2007-01-24

Great Free Services and Tools

DevjaVu: Free subversion and Trac hosting for your code. Great, warmly attitude from the start of the terms of service to their mode of implementation. You want something like Trac, especially for its timeline of recent commits, in my experience. The issue tracker and its automated ties to checkin messages ("Closes #4", for instance) is another great feature to have. Spoil yourself!

Userscripts.org uses this, since some time. It's rather easy to check out the code base for contributing, by the way; it wasn't many minutes before I had a test us.o server of my own running.

Google Code: Another free subversion repository hosting for your code, of a recognized brand. Very nice and visible way of declaring repository content licenses -- how kindly you allow others to use your work, for one thing. I have started migrating my growing collection of user scripts there, starting with most recent additions. I am a sucker for keeping a tidy repository, so I have postponed checking in my old junk until I've taken an inventory of what is still useful. Committing things somewhere is a rewarding feeling, when you're at the next good state, and recording a message of the change is simply priceless.

Greasemonkey is tentatively moving its code base and wiki here. Voices on the GM list have it the repository is a bit slow at times. I have not suffered much from it myself yet, but with my choice of repository, I would probably not notice even rather horrible performance.

Subtlety: Regardless of your pick of subversion repository, letting others keep up to date with what you do in it by way of feed is a snap with this beautiful Camping tool. Feed it a subversion repository URL and it gives you an RSS feed of commits, listing the checkin message, and links to the files it affected.

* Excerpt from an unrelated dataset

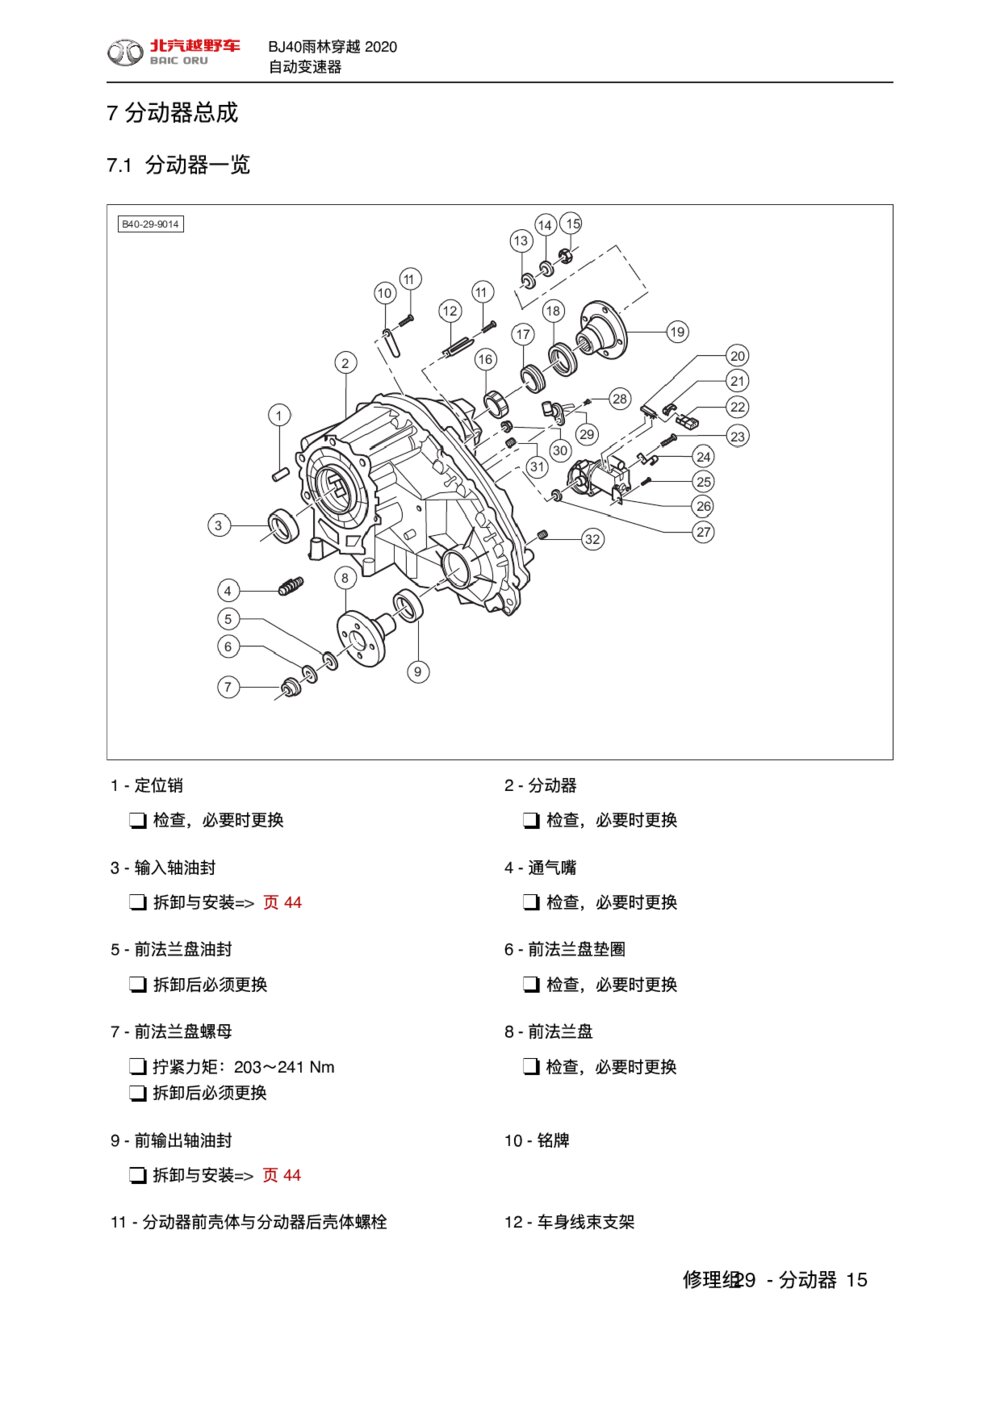 2020款北京BJ40雨林穿越版分动器总成手册

It is of course similarly an excellent way of yourself keeping track of projects other people, perhaps not even including yourself, work on; here is one tracking the progress of Exhibit by David Huynh of the MIT Simile project. Which brings me to the subject of...

Exhibit. This is a beautiful client side tool for visualizing, resorting and filtering information in all sorts of ways. I'm fairly confident this is where browser technology is heading, and I'm all for helping us get there a little quicker. So is David. Applied Semantic Web research does not come much more applied than this, and you can do beautiful things with this baby. I'm tinkering with a few blue sky ideas of my own, and played rather heavily with the Google Spreadsheets integration it just grew this weekend.

If you cared to skim through that page, have or create some Google Spreadsheets (they import comma separated values, for instance) and tag up column titles as it expects, you can head over to my instant exhibit page and try it out right away. It will lack many of the features view customization gives you, but it is still a great place to start. Due to some slight lunacy with the JSONP exported by Google Spreadsheets, so far, the top left column (A:1) isn't present in the feed, so Exhibit, for the time being, decides it reads {label} -- in other words, keep your label property in the first column and settle for having it a string, for the time being.

Google Pages: Finally some decent, large capacity (at least 100 megabytes, anyway) hosting, without a lot of fuss. Even if you, like me, don't care much for their WYSIWYG page builders and templates, there is that neat feature on the right of the page where you can upload your own files and have them show up right on the site right away, whether graphics, javascript, HTML or otherwise. Recommended. For all I know, you can't subdivide your data into directories yet, but to just have somewhere to dump things, you might not need to.

Adsense Black List: For AdSense web masters, this is a cooperative effort to use the AdSense competitive ad filter -- not to avoid linking competitors, but to cut off the "minimum-pay" slack on the low end of the bell curve of earnings per click. A rather good idea to improve outbound links. And for us visitors? Fewer links to made-for-AdSense sites of 100% junk.